御回向が終わりお茶をいただきながら世間話をしていると突然こんな話を切り出しました。
「方丈さん、俺こんな病気にかかってしまって生きてきた意味があるんだろうか」と。
その時私はドキッとしながらもこう答えました。
「私はお父さんと出会い、様々なことを学びました。それが恐らく私の力となり、これから出会うであろう苦しんだり悲しんだり、或いは病んだりしている人の心に寄り添う力になるかもしれません。目には見えませんがお父さんは家族を含めた多くの人にそうやって力を与えてきたはずです。そこにお父さんが生きてきた意味があると思います。

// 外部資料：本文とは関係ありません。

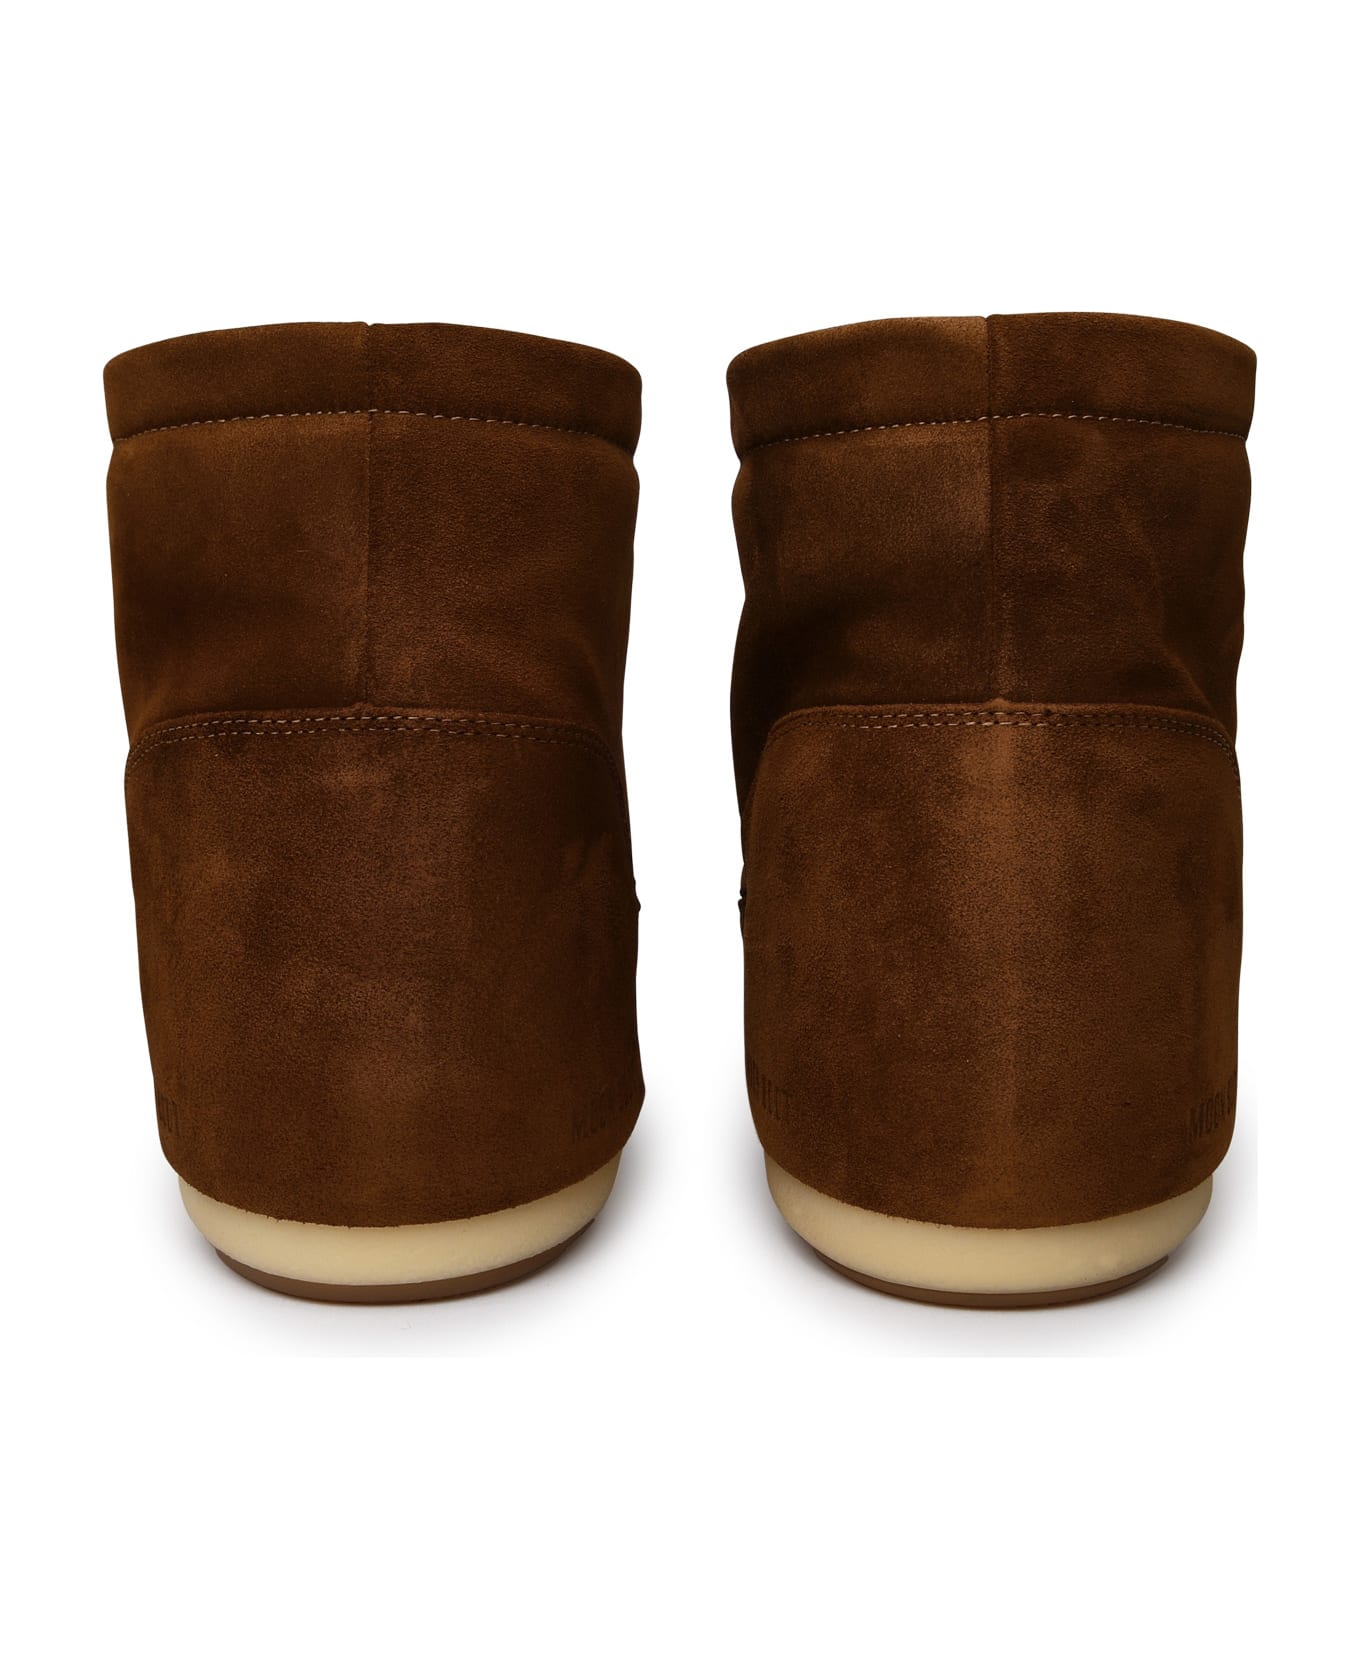 Moon Boot 'low-top Icon' Hazelnut Suede Boots - Brown

」
そう言うと大きくうなずき大粒の涙を流しながら私の手を強く握りました。
オーストリアの精神科医でエミール・フランクルはアメリカで驚異的ベストセラーとなった「夜と霧」という本の中で「あなたを必要としている何かがどこかにあり、あなたを必要とする誰かがどこかにいるはずです。そしてその何かや誰かはあなたに発見されるのを待っている。」とナチスの強制収容所での体験を通して書いています。
人生で起こる総ての事はどんなことにも意味があります。だから私達が生きている事には当然のことながら大きな意味を持っています。
そのことを常に信じて力強く生きていきましょう。生きている事で誰かがどこかで大きな励みとなり力となっている事を信じて今日も明日も精一杯、生き抜きましょう。